» About this task
The output is a word-for-word repeat of the listing below, free of images.

» Data provided
-- Opening Marker --
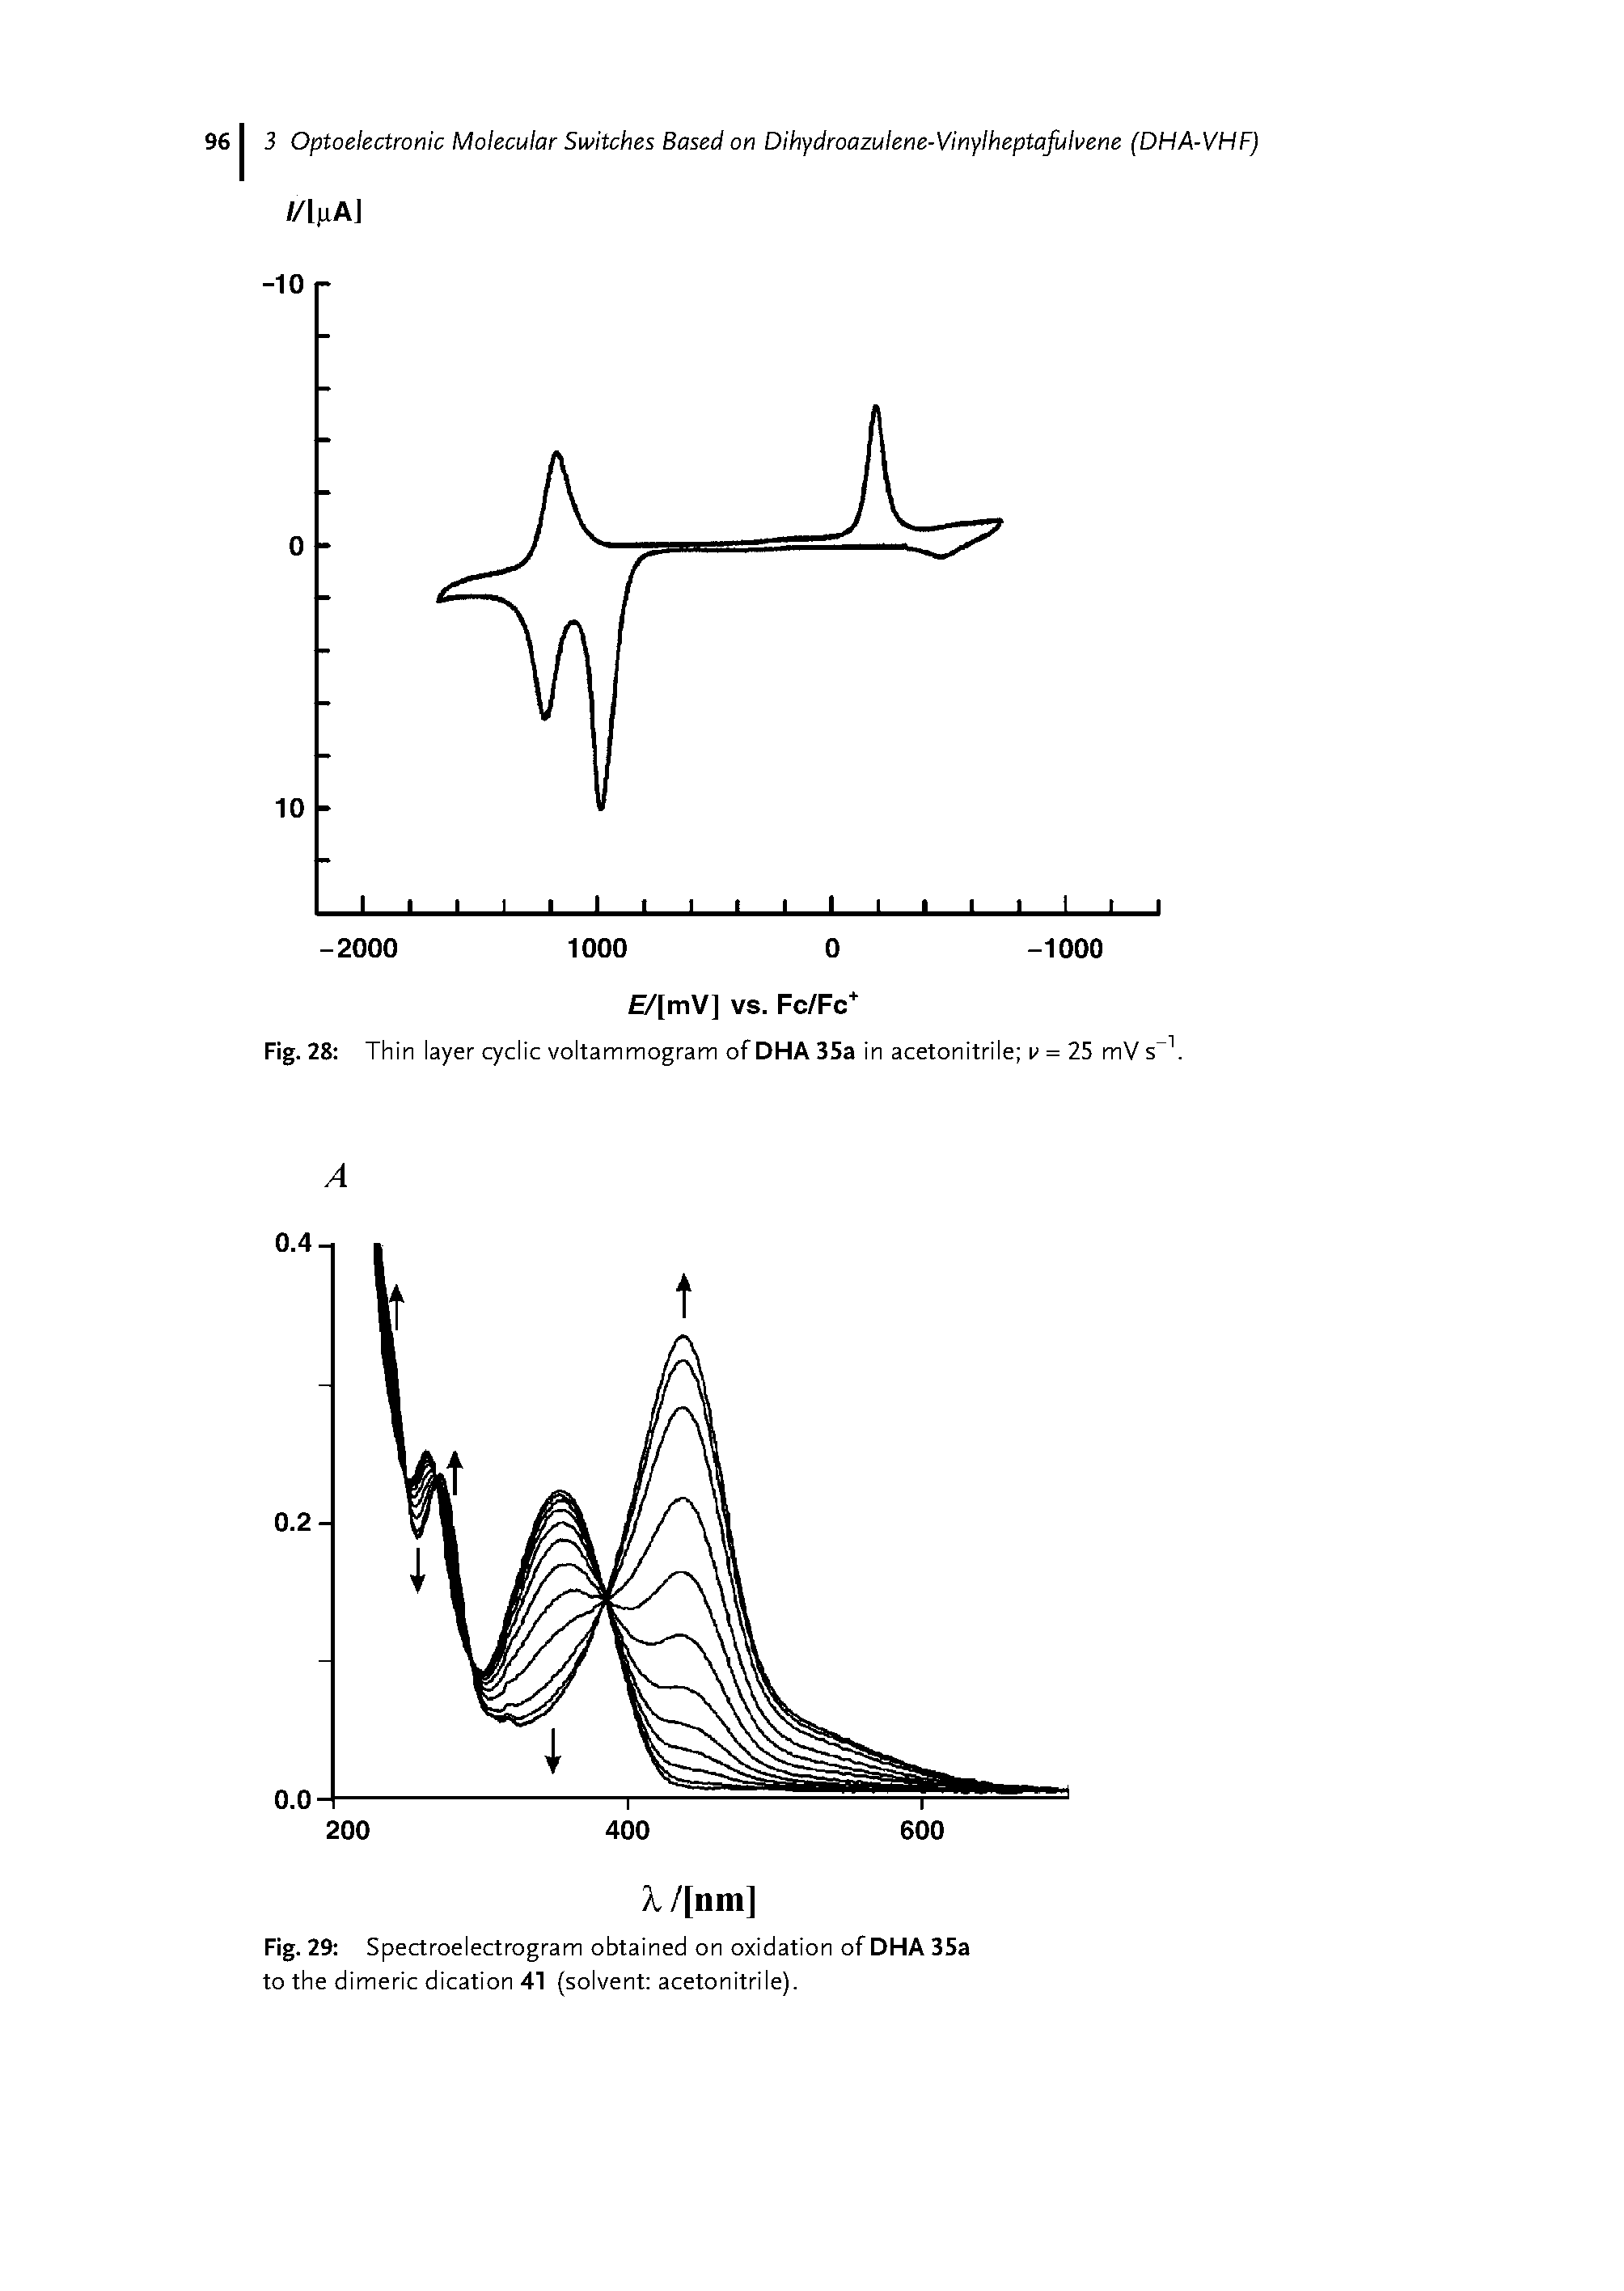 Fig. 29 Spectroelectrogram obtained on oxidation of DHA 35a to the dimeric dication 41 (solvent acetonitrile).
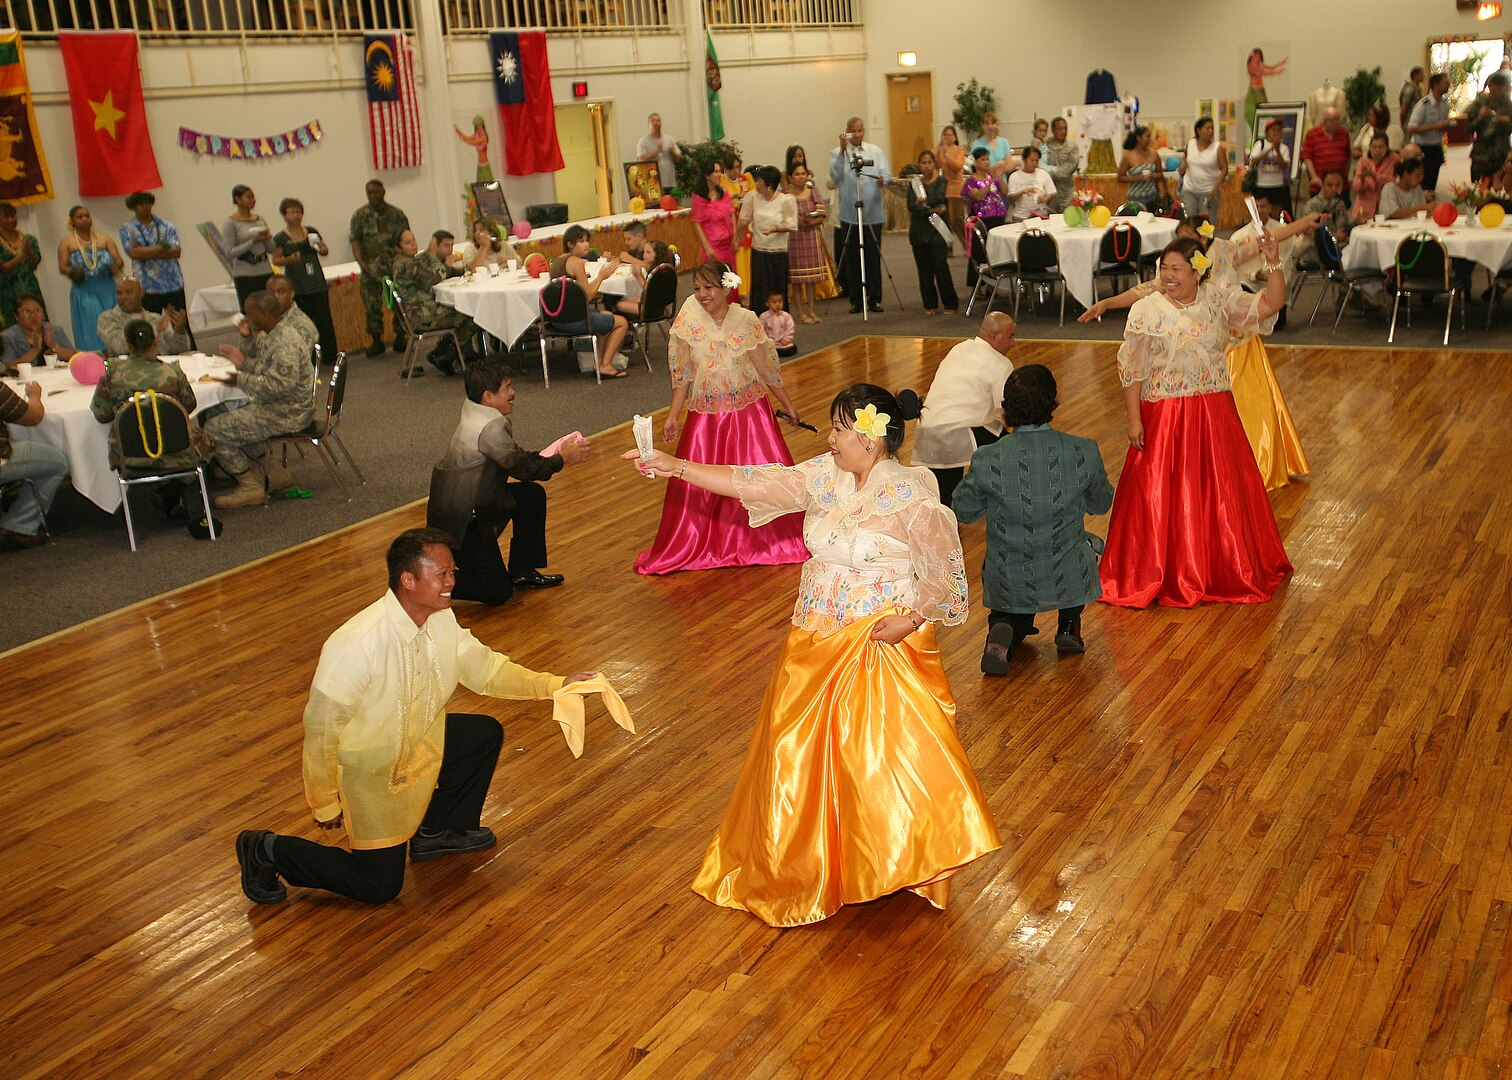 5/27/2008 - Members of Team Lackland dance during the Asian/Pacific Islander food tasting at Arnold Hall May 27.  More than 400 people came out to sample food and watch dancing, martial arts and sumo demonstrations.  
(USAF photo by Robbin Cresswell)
-- Closing Marker --
» Result of this exercise
 Fig. 29 Spectroelectrogram obtained on oxidation of DHA 35a to the dimeric dication 41 (solvent acetonitrile).
 5/27/2008 - Members of Team Lackland dance during the Asian/Pacific Islander food tasting at Arnold Hall May 27.  More than 400 people came out to sample food and watch dancing, martial arts and sumo demonstrations.  
(USAF photo by Robbin Cresswell)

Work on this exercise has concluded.